Flowing from and connected to her love for Jesus was Sister Marietta’s love for St. Angela. For those of us privileged to experience her in this way, Sister Marietta EMBODIED St. Angela as she periodically dressed up as our founder and spoke Angela’s words to us. She and I shared leadership in facilitating two community elections for the Ursulines of Toledo and in the 2007 North American Ursuline Convocation in Louisville. In these instances, Sister Marietta’s embodiment of St. Angela moved Ursuline sisters and associates and helped them feel closer to our mother founder. For me, it wasn’t just the dress or the words…it was her SPIRIT. When she prayerfully took on this role, in some small way she BECAME St. Angela, or at least what I imagine Angela to be. She embodied Angela…gentle, compassionate, humble…a contemplative presence in the heart of the world.
Yet Sister Marietta wasn’t all prayer and contemplative quiet! She loved Jeopardy and playing cards with friends, she worked Sudoku puzzles to keep her brain sharp, and she loved creating things, whether Christmas ornaments out of her dad’s old shirts or prayer services, flower arrangements or a wonderful meal. She was a balanced holistic person who loved all aspects of her life.

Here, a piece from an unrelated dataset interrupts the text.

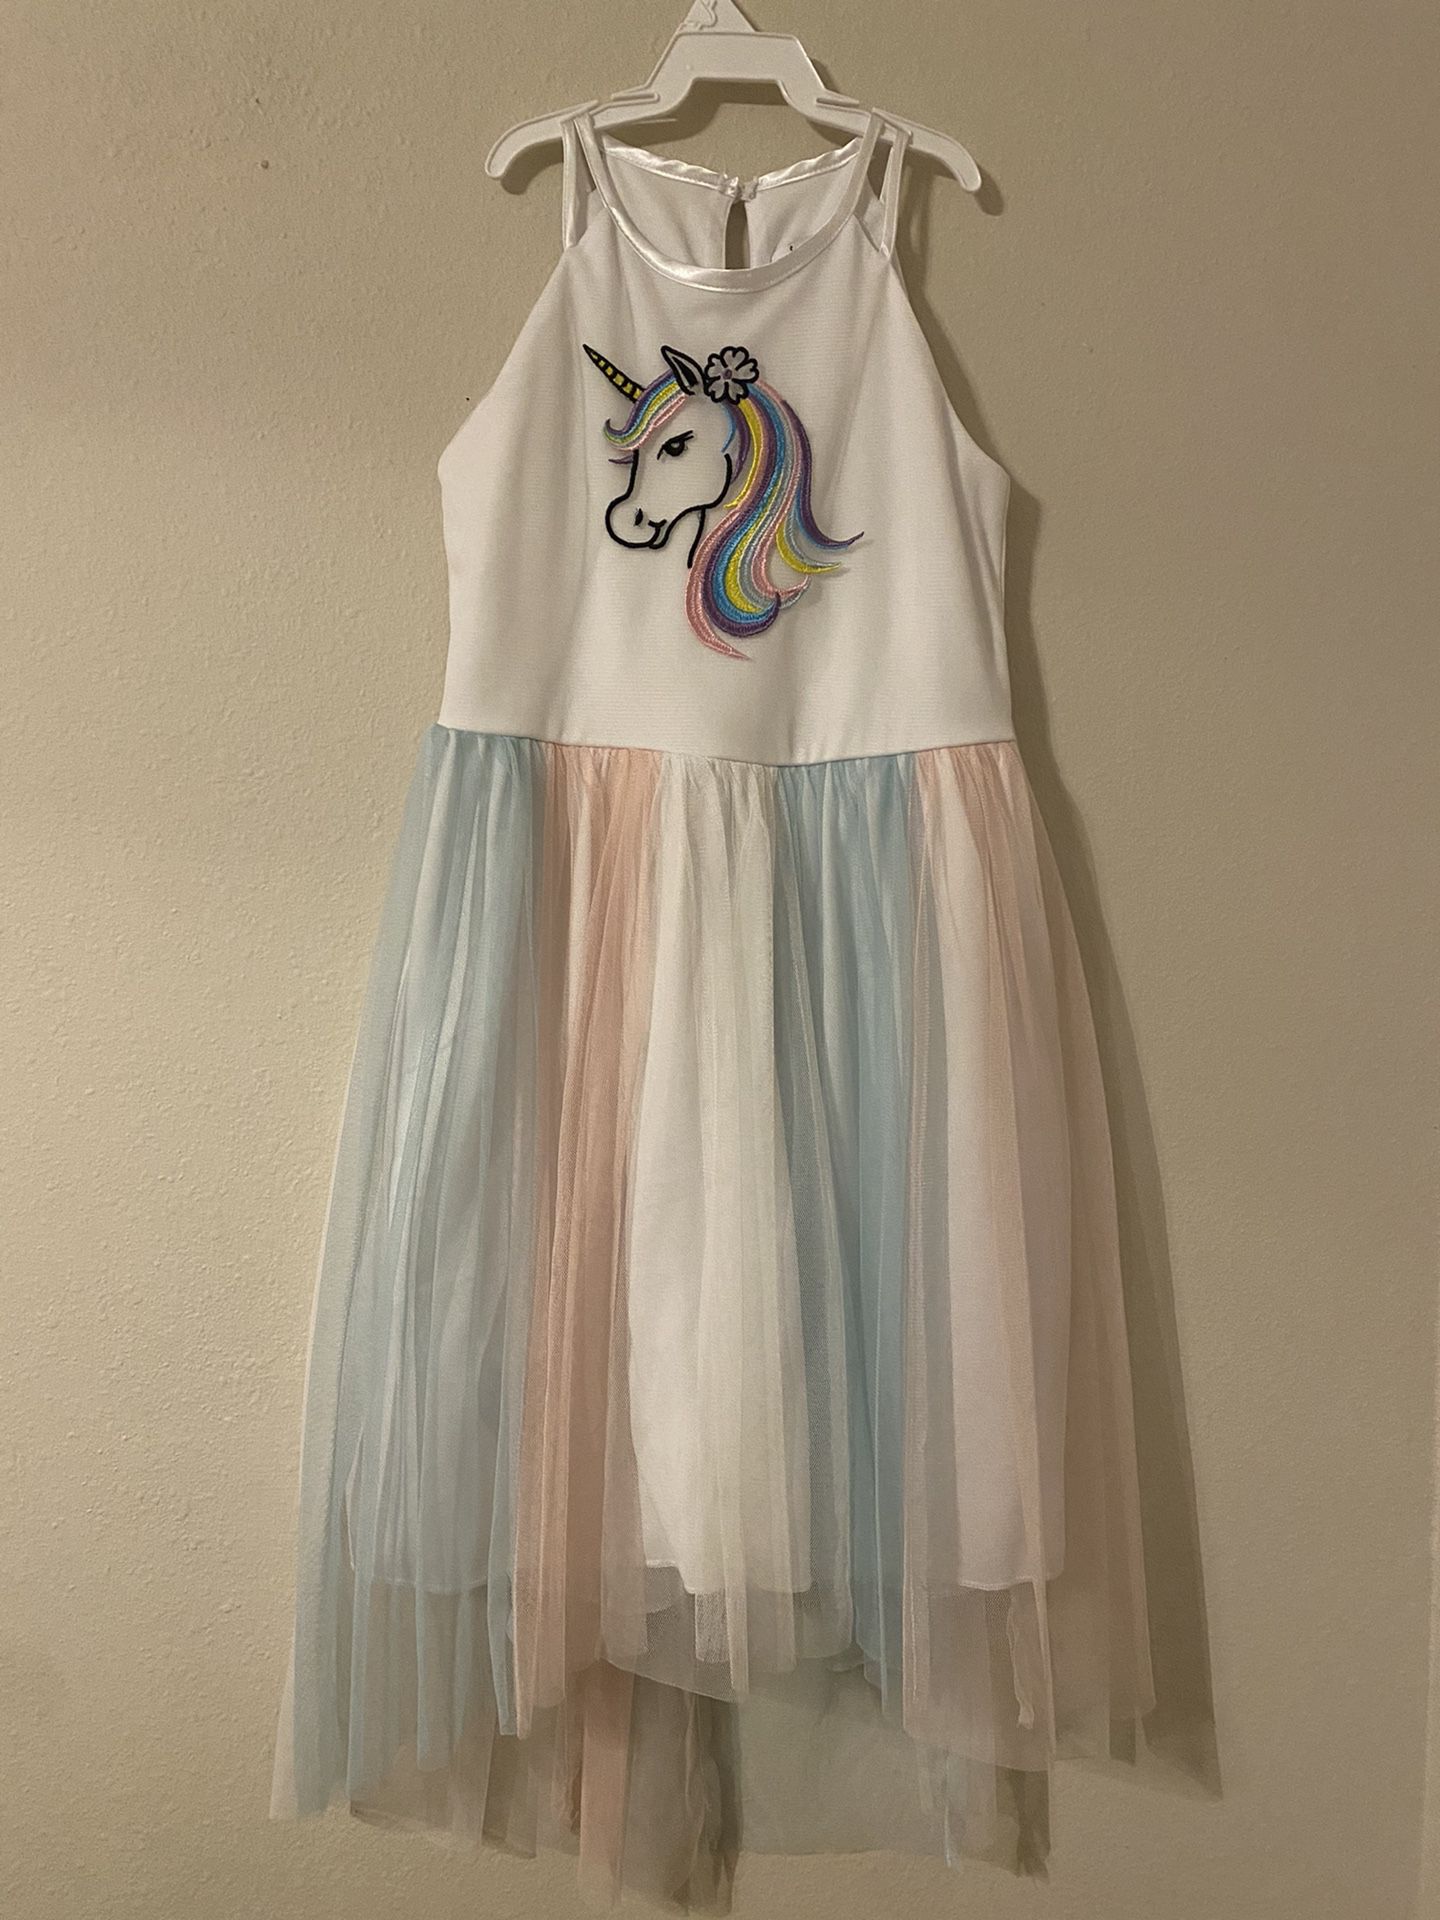 Unicorn Dress Size 6x

Sister Marietta’s file included many tributes from others which I don’t have time to share tonight – I’m sure some of you will echo those tributes and stories as soon as I finish talking. These range from a thank-you letter from a former second-grade student to a Baptist pastor in Jamestown to her colleagues in the Mission Advancement Office to Louisville Archbishop Kelly’s written tribute to her: “All that you have touched is honored by God.” As former Ursuline Communications Director Jerry Birge wrote, “For over a half century she has made love visible….”

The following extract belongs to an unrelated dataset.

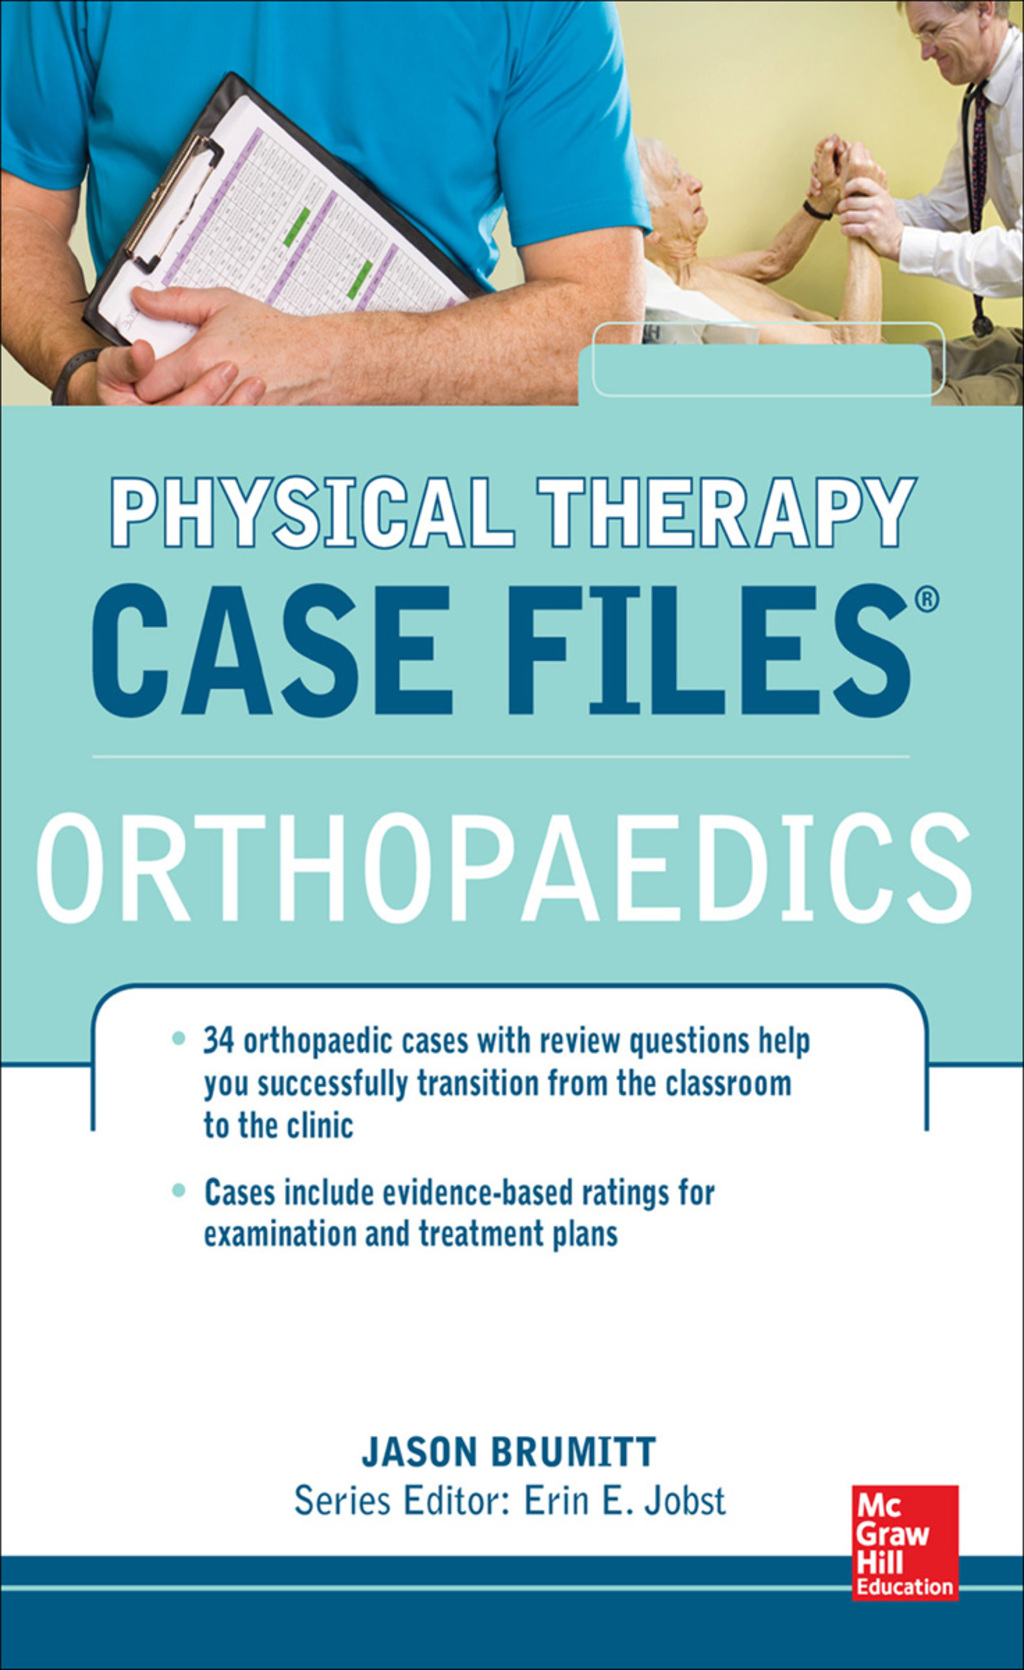 Physical Therapy Case Files: Orthopaedics (eBook) - Jason Brumitt; Erin E. Jobst

I’d like to close with some of Sister Marietta’s own words, words that further reveal her heart to us. Addressing the people of Jamestown as she was leaving that ministry, she said, “I came here 7 years ago not knowing much about parish ministry but knowing a lot about ‘people’ ministry and the importance of relationships. I had had absolutely no experience as a parish minister but again, I had had a lot of experience as a ‘people’ minister. And I found that people are the same everywhere: in families, in a religious community, in retreat settings, and in a small parish in southern Ky. TOGETHER we have done some very good things….Together—you, God, and I…”
In her just published Reflective Moments for Easter, Sister Marietta posthumously challenged us: “We know Jesus is risen when we see Christians loving each other. In St. John’s gospel he tells us, ‘This is how they will know you are my disciples if you love one another.’ Do people know you are a follower of Jesus?”
We who knew her can definitively say that YES, we know Sister Marietta was a faithful follower of Jesus. We know that because of her compassionate and generous love for the people in her life, and because she longed and yearned for God until the very end. Like Psalm 84’s sparrow, we hope in faith that she has now found a permanent nesting place in the heart of her beloved Jesus in heaven. Thank you, Marietta, for the gift you have been to so many of us!